До сих пор Якунин распространял не более чем привычную антикапиталистическую пропаганду и избегал конкретных ссылок на АРА. Учитывая обстоятельства, это все еще не очень хорошо говорит о его чувстве такта, но после пяти лет практики подобной демагогии это стало его второй натурой. Однако, начав, он не смог сдержаться и перевел взгляд на двух американцев, стоявших рядом с ним. Пирсон перефразировал слова своего переводчика о том, что прозвучало дальше: «Я не собираюсь, — сказал он, — характеризовать представителей американского народа, которые приехали накормить Сарапул. Глядя на них, любой может сказать, кого они представляют. Мы знаем, что их интересует не столько рельеф, сколько российские золотые прииски. Мы знаем, что они попытаются добыть все золото, какое смогут».

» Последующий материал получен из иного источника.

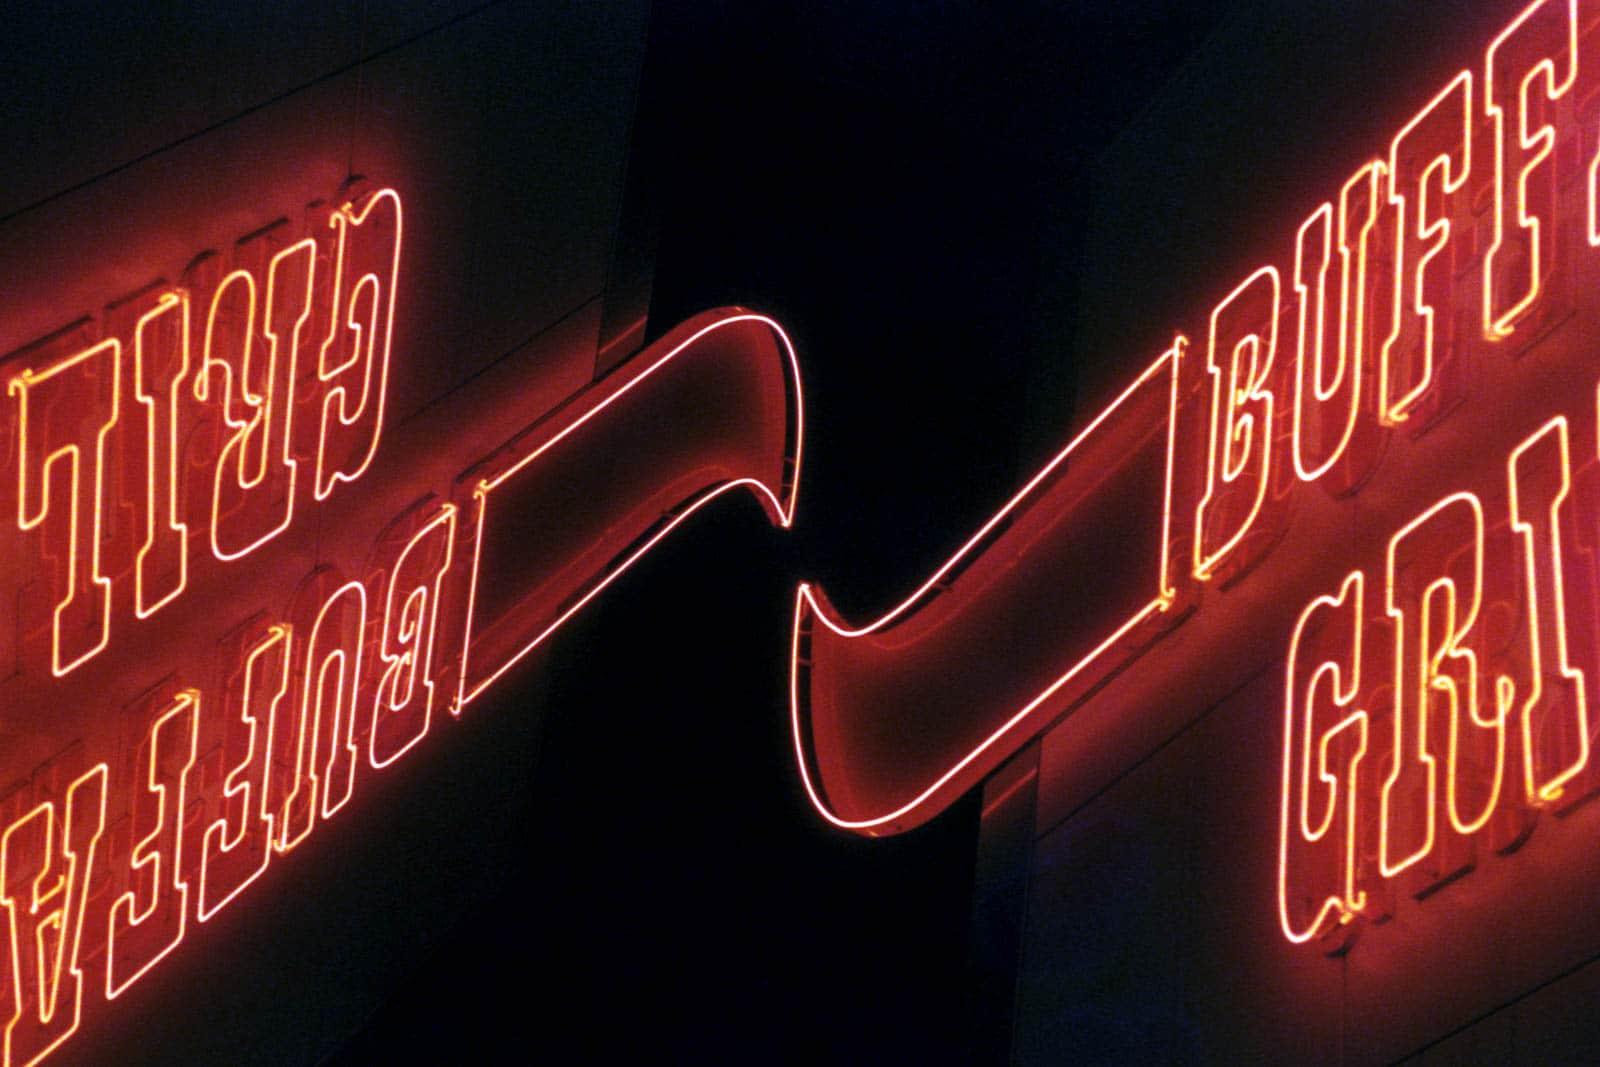 Philippe – Photographie nocturne/neon

АРА боролась с голодом в России только потому, что этого требовали рабочие Америки, так что если кто и заслуживал благодарности, так это героический американский пролетариат. Пирсон и Дэвенпорт выслушали этот шквал русских слогов, который был встречен «взрывом аплодисментов».
Когда встреча закончилась и двое американцев были проинформированы о том, что произошло, Пирсон запросил и получил от председателя Сарапульского совета «протокол» с осуждением замечаний Якунина. На этом дело могло бы и закончиться, если бы слух об этом не дошел до Казани, где Чайлдс почувствовал, что нельзя допустить, чтобы атака Якунина осталась безнаказанной. Одно дело говорить в расплывчатых марксистских обобщениях; совсем другое — подвергать сомнению мотивы АРА и отдельных членов АРА. Чайлдс выразил протест товарищу Маскатту, назвав речь Якунина «прямым оскорблением представителя Американской администрации помощи в обвинении, а не простым вменением, что главный интерес американцев в этом районе заключается в золоте, а не в помощи».
Что особенно встревожило Чайлдса, так это сообщение о том, что «диффамации нашего характера» Якунина были «щедро встречены аплодисментами». Что еще хуже, они были опубликованы в местной газете. Нет, этого нельзя было оставить в силе. Извинения, которые Пирсон получил от сарапульского совета, написал Чайлдс, были «слишком личными для такого публичного оскорбления». Он сообщил Маскату, что отправляет документацию по этому делу в Москву.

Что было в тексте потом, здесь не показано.